Additionally, Clement has held positions in scientific organisations. He was head of the division for Pharmaceutical and Medicinal Chemistry within the German Pharmaceutical Society (DPhG). From 2007 until today he has been the head of the association of pharmacy professors in Germany (VdPPHI). From 2014 to 2019 he was speaker of the conference of faculties for mathematics and science (MNFT). He represented the natural sciences in the board of the general faculty conference (AFT).

Clement was member of a committee advising the federal ministry for health about reforming the pharmacists' education and continued his commitment on this issue afterwards. He is member of the advisory board of the institute for exam questions in medicine and pharmacy (IMPP).

On the international level, he was a member of the council of both the European Federation for Medicinal Chemistry (EFMC) and the International Society for the Study of Xenobiotics (ISSX).
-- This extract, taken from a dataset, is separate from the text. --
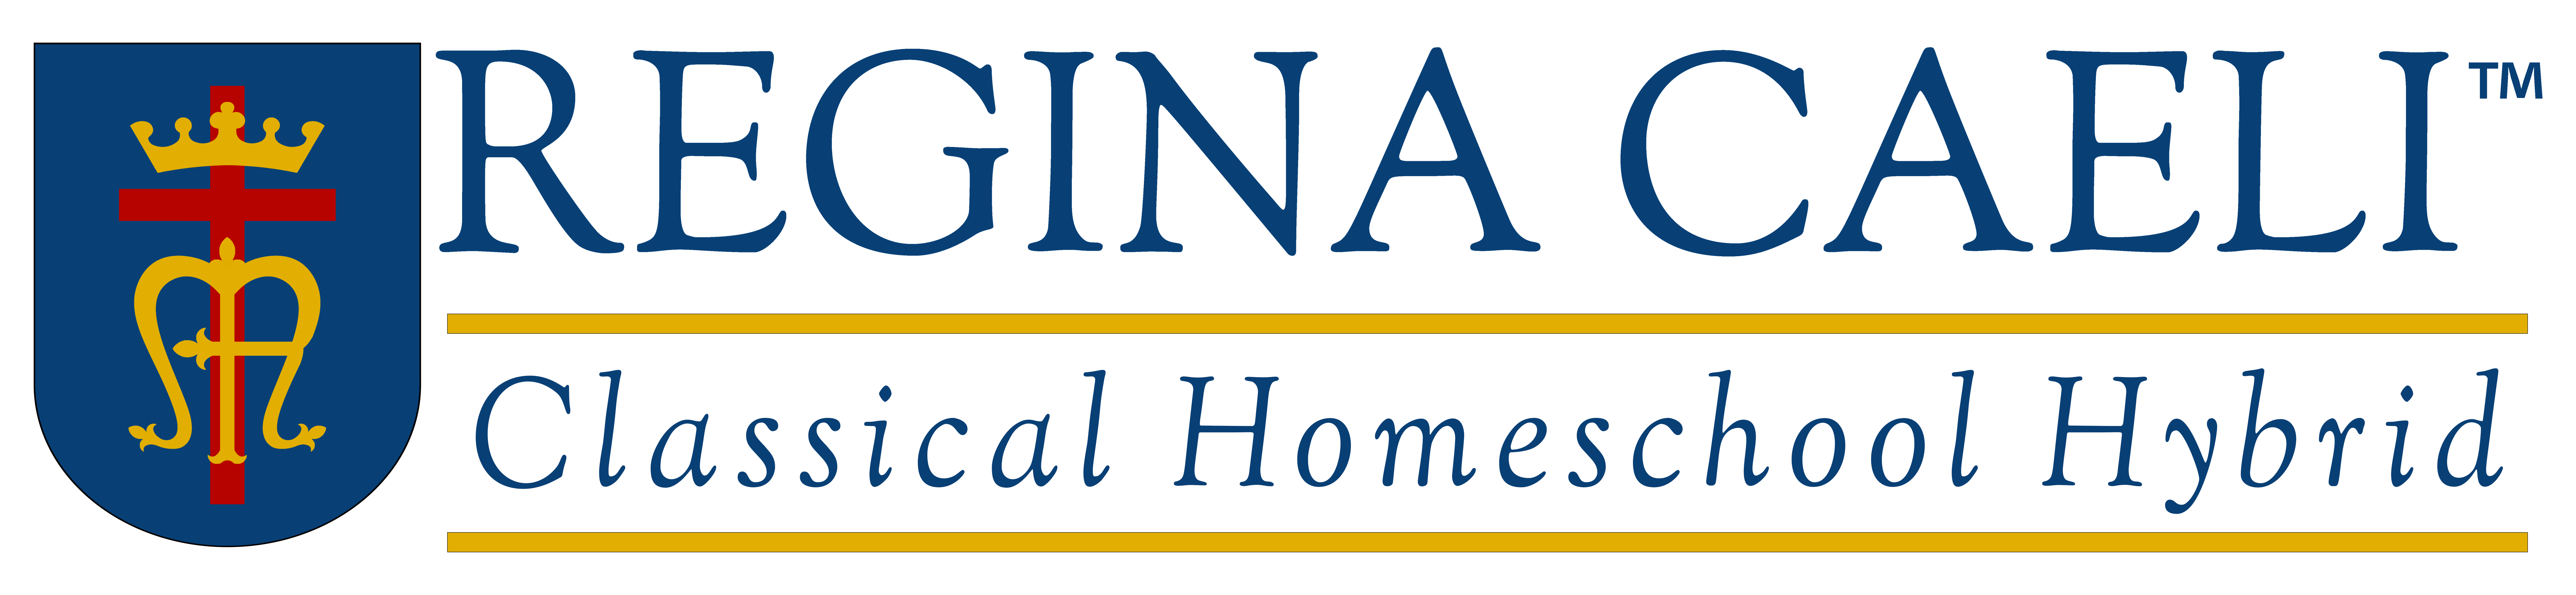 Regina Caeli Academy logo

For the former, he served as "chair" for the International Symposium of Medicinal Chemistry (EFMC-ISMC) in Berlin.

== Research ==
Clement is author of more than 150 publications in scientific journals and has supervised more than 90 PhD students. Key aspect of his research is biotransformation, in particular N-reduction catalysed by the mitochondrial amidoxime reducing component (mARC), which was utilised in the development of prodrugs for nitrogen-containing drug substances. Furthermore, his group works on novel topoisomerase inhibitors for the treatment of cancer.

== Awards and honours ==
For his research, many awards have been given to Clement. In 1998 and 2007, he received the Phoenix Science Award and in 2003 the animal welfare award of Schleswig-Holstein. For his life's achievements, he was awarded the Carl Mannich Medal in 2016, the highest award of the German Pharmaceutical Society. Furthermore, the European Federation for Medicinal Chemistry made him a life-long honorary fellow in 2021.